I received the following question from Gary regarding moving from the tuck to advanced tuck planche.
Thanks for all your good advice and tutorials.
Can you help me as I am trying at the moment to go from tuck planche to advanced tuck planche, (sure you have had this question a few times.) I am really struggling with any progress and wondered if there was any tips you knew that may help me along.
This video here describes tips on how to this step of planche training.
The tuck planche involves straight arms and holding your body aloft.
The next step involves making it one step closer to the advanced tuck planche. I originally learned of this as one step in planche progressions from Coach Sommer in this article here. Check it out for more ideas. This includes:
1. Bringing your Shoulders Forward
Bringing your shoulders forward places additional stress on them as the leveraged position is harder to hold.

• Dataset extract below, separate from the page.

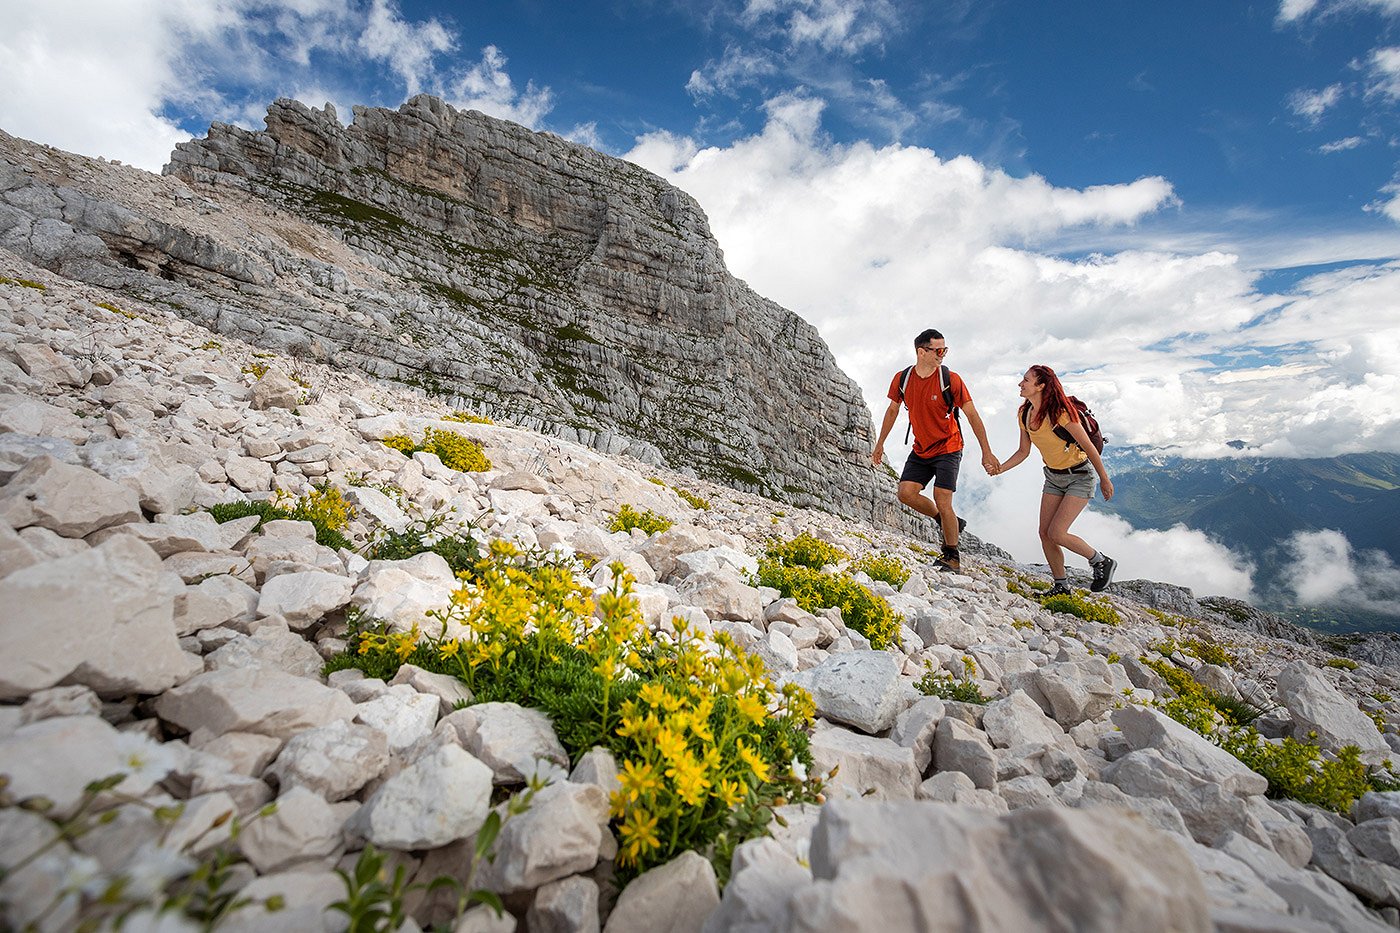 Par uživa na sprehodu ob gorskem cvetju na Kaninu 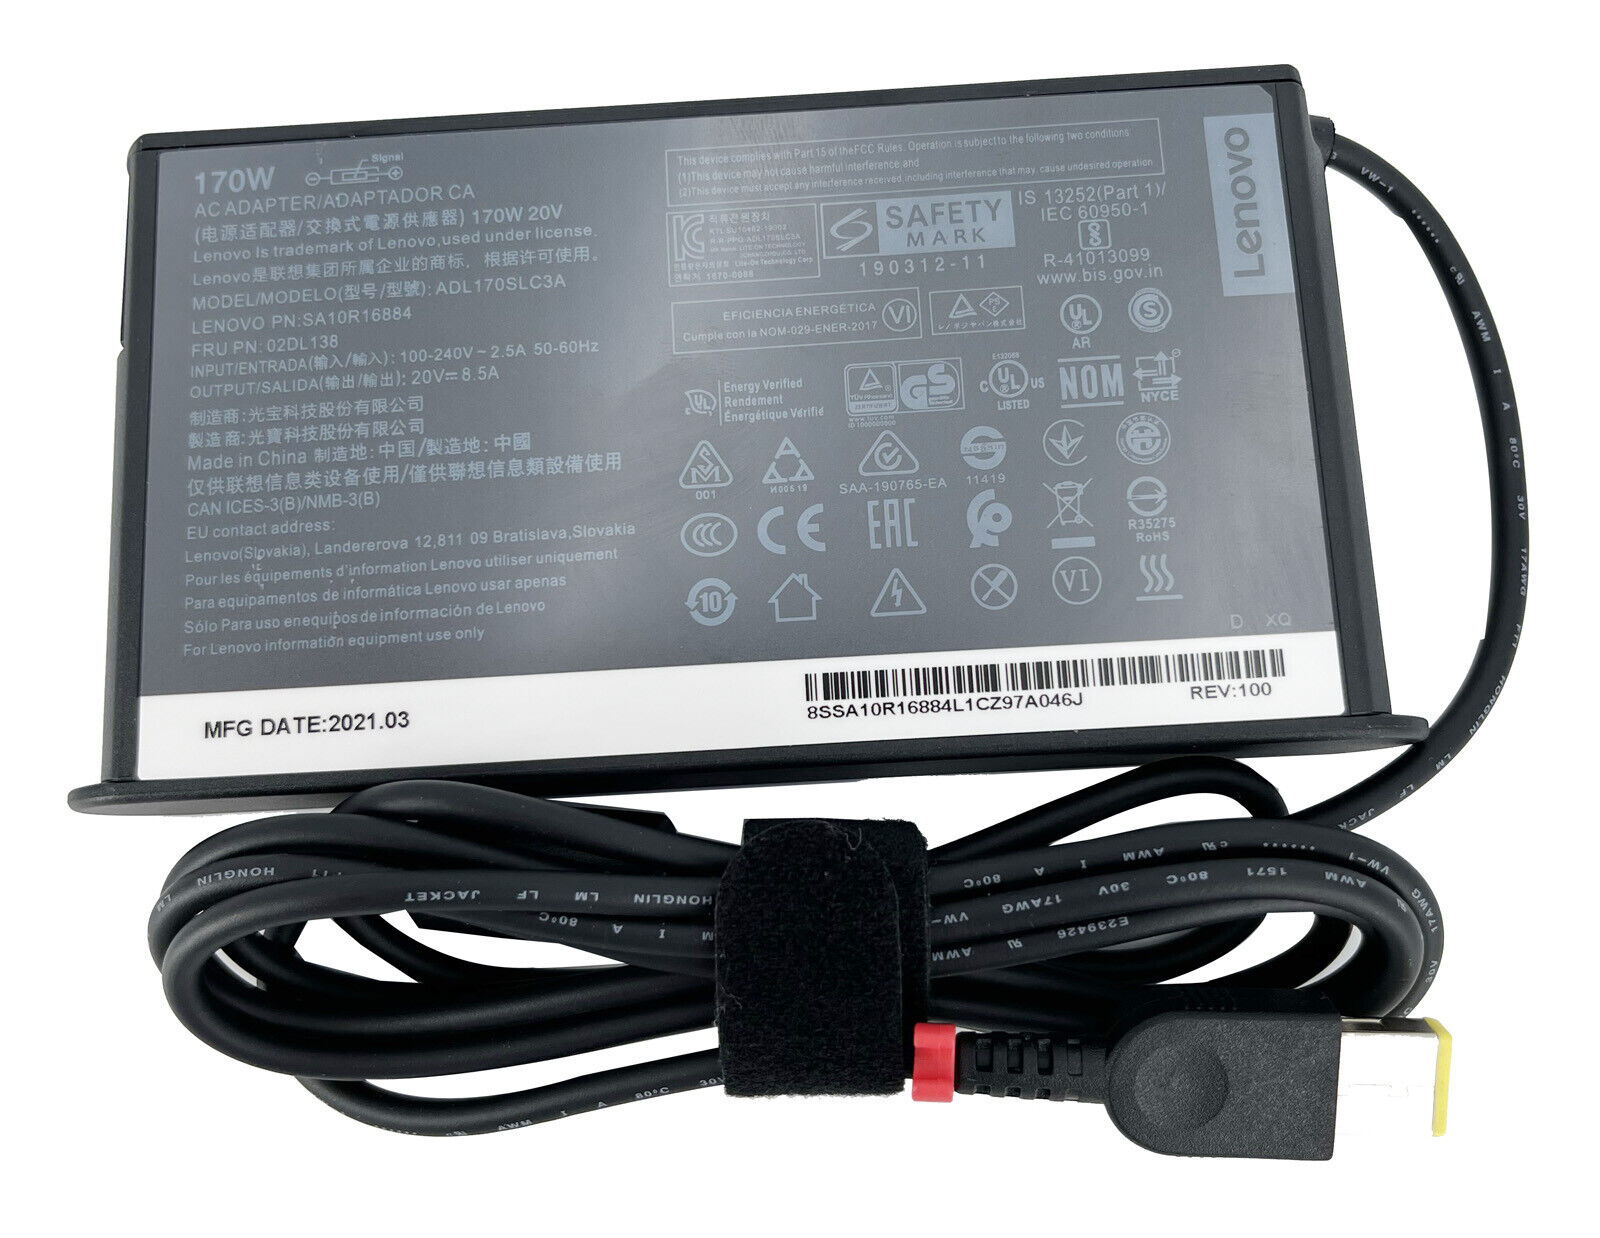 *Brand NEW* For Lenovo LEGION 5 I5-10300H 20V 8.5A 170W USB ADL170SLC3A AC Adapter Charger

As you progress in teh various planche moves you’re moving more and more forward, requiring more and more strength.
2. Straighten the Back
This one is closely tied into the next one. In fact all three of these are tied together. Straightening the back tends to make you need to raise the hips and move the shoulders forward. A back that is straight (even arched a little) and parallel to the floor is the position you’ll be holding for all future planche progressions.
3. Raise the Hips
The hips should be raised up to shoulder level. In the regular tuck planche the hips are low but this is the main point in moving to the advanced tuck planche. As you raise the hips its natural for the legs to start to untuck. When starting out make sure to keep them tucked but as you improve levering them out is the next step.
I didn’t make it completely clear in the video. Think of these three areas as places you can focus on and start the movement from, but recognize that they are all related.
The planche is a truly difficult move and will take a long time to master. With these moves be content to add a second here, or a slightly better position there. Small improvements over time lead to amazing moves.
For much more on planching as well as all forms of hand balancing consult the Hand Balancing Mastery Course.
Comments
Very good aticle Logan! As ususal! I have trained/played with the Planche for the last year on & off… but Am on planning to work on it dilligentely from the beginning of this year, wich means I’m ALREADY 6 feet deep innit! I love this training… Although I train it WITHOUT any paralletes or pushup handles/blockweight handles… simply because it’s harder & it allows me at the same time also improve whenever I do choose to train or try it out on paralletes & so on…
I’m NOW working on the Flat Tuck Planche step from Coach Sommer’s Fantastic book: Building the Gymnastic Body… Freaking LOVE that book! I’m currently working on it SLOWELY & with the ”Steady State Cycle” program… I have to say that with the Steady State Cycle (Overload, Load & Underload) Phases I feel that I make WAY MORE & BETTER Progress in the LONG run then without it, I tried last year to rush FAST through the easier steps (like the Advanced Frog Stand, Tuck Planche)… but found out I burned out fast with that kinda attitude towards the Planche training, wich, like you said, WILL take ALOT of time to TRULY Master! & As I’m planning to MASTER the TRUE planche, with the face facing forwards & Body Straight from Head to Toes like Rafael Guerrero… I know that it will take at LEAST 4x MORE time then with the Regular (face down) Planche that MOST people do…
So my question was…. what experiences did you have with the Steady State Cycle in the LONG RUN? any improvements & good results with it? how about the ”mental burnout” that Coach Sommer is talking about in his book & how to avoid it with the ”Steady State Cycle”? you noticed any differences with this type of program towards the Planche (can also be used for the Front Lever, Back Lever, Manna, STraddle Sit etc.)
I was just wondering if this ”Steady State Cycle” worked better in the LONG RUN then the other programs he mentioned in his book? & what your ideas are about it… the Ups & Downs if you will?
Thanks for your time man! & I’m looking forward to your answer!
sorry but the link to Sommers doesn’t go anywhere. could you check it out?
But how do you go from “frogstand” to tuck planche?